(THE INPUT begins)

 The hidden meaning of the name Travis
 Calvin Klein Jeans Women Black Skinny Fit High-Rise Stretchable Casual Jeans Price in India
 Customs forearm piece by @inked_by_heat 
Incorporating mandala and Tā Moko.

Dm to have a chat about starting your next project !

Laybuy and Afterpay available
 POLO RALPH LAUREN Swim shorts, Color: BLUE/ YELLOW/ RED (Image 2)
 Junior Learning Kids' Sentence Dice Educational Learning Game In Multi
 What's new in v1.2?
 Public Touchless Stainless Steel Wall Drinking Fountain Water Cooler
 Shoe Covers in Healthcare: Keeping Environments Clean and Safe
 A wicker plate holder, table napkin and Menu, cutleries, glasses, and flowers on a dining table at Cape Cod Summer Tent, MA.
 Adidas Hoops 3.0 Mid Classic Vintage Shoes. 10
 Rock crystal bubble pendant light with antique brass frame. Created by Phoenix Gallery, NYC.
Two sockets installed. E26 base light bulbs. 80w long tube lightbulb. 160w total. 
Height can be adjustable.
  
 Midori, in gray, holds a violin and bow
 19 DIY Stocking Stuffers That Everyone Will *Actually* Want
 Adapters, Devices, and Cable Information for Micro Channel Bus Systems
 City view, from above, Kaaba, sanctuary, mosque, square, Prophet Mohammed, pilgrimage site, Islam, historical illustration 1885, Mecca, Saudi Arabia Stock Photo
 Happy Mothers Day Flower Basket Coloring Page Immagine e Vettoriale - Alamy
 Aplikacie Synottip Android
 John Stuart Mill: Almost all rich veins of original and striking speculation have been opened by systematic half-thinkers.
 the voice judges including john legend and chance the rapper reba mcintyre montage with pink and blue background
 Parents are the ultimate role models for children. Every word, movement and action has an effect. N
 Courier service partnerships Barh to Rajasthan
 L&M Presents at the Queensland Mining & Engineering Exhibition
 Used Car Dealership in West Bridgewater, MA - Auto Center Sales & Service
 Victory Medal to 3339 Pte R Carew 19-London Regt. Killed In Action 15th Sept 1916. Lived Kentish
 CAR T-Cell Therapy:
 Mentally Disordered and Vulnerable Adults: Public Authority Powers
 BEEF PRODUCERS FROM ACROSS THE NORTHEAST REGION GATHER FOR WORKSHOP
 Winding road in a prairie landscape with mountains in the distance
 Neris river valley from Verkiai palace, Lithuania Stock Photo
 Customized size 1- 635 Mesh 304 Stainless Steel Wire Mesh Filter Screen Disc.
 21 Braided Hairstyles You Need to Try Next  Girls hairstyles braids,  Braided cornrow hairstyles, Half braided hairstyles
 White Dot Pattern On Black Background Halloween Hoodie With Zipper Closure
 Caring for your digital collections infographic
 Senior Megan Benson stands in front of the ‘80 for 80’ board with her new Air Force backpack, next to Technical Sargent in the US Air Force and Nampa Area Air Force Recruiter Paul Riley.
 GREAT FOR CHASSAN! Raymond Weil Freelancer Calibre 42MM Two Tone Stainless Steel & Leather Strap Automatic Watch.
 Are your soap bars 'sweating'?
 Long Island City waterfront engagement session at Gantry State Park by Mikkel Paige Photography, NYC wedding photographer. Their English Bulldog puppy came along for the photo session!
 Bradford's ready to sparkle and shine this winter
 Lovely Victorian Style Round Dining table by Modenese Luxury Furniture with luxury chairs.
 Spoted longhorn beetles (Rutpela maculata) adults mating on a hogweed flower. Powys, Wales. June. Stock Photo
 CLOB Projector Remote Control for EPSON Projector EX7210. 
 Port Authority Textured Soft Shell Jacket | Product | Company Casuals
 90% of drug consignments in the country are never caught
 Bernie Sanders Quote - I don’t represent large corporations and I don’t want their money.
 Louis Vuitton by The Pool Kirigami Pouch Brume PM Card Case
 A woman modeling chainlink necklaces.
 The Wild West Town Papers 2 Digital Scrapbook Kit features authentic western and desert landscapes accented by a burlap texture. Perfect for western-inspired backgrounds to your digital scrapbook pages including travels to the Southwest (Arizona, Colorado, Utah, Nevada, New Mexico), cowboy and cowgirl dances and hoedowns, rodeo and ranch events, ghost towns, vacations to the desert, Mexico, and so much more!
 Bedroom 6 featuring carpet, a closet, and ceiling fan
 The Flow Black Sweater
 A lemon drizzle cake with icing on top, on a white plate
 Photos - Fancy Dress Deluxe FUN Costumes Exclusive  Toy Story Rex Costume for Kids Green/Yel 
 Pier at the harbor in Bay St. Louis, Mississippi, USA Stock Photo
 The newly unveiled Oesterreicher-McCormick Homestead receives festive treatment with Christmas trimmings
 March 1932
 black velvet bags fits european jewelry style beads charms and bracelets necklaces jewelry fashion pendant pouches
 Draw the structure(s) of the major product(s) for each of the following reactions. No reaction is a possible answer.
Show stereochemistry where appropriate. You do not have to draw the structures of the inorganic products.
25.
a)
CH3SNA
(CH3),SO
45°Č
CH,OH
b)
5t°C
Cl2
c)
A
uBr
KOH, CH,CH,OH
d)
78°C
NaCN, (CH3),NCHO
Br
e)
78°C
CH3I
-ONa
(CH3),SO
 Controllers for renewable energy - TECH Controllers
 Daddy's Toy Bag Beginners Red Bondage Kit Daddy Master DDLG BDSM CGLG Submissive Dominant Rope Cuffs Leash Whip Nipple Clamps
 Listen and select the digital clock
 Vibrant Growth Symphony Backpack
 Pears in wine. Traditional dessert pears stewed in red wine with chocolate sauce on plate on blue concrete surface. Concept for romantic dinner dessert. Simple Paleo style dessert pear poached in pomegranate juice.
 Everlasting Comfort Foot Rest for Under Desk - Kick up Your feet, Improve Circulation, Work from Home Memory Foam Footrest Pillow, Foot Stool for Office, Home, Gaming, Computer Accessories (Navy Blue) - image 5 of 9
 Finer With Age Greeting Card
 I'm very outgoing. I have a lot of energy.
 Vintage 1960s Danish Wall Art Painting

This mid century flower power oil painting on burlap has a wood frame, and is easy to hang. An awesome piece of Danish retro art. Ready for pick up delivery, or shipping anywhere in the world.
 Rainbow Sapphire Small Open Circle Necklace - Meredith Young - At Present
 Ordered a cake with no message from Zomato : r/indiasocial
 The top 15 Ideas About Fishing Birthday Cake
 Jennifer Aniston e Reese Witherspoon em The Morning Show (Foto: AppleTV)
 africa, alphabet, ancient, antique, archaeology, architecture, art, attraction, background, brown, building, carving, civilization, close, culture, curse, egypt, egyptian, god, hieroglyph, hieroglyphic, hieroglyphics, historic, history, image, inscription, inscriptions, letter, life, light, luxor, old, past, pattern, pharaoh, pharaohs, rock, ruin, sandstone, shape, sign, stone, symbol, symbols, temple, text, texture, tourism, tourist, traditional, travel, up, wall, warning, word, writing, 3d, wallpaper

(THE INPUT ends)

- _TASK INSTRUCTIONS_
Retype the portion of the data above that starts on the line with "Laybuy and Afterpay available" and finishes on the line with "Used Car Dealership", including both of those lines.

- _TASK ANSWER_
Laybuy and Afterpay available
 POLO RALPH LAUREN Swim shorts, Color: BLUE/ YELLOW/ RED (Image 2)
 Junior Learning Kids' Sentence Dice Educational Learning Game In Multi
 What's new in v1.2?
 Public Touchless Stainless Steel Wall Drinking Fountain Water Cooler
 Shoe Covers in Healthcare: Keeping Environments Clean and Safe
 A wicker plate holder, table napkin and Menu, cutleries, glasses, and flowers on a dining table at Cape Cod Summer Tent, MA.
 Adidas Hoops 3.0 Mid Classic Vintage Shoes. 10
 Rock crystal bubble pendant light with antique brass frame. Created by Phoenix Gallery, NYC.
Two sockets installed. E26 base light bulbs. 80w long tube lightbulb. 160w total. 
Height can be adjustable.
  
 Midori, in gray, holds a violin and bow
 19 DIY Stocking Stuffers That Everyone Will *Actually* Want
 Adapters, Devices, and Cable Information for Micro Channel Bus Systems
 City view, from above, Kaaba, sanctuary, mosque, square, Prophet Mohammed, pilgrimage site, Islam, historical illustration 1885, Mecca, Saudi Arabia Stock Photo
 Happy Mothers Day Flower Basket Coloring Page Immagine e Vettoriale - Alamy
 Aplikacie Synottip Android
 John Stuart Mill: Almost all rich veins of original and striking speculation have been opened by systematic half-thinkers.
 the voice judges including john legend and chance the rapper reba mcintyre montage with pink and blue background
 Parents are the ultimate role models for children. Every word, movement and action has an effect. N
 Courier service partnerships Barh to Rajasthan
 L&M Presents at the Queensland Mining & Engineering Exhibition
 Used Car Dealership in West Bridgewater, MA - Auto Center Sales & Service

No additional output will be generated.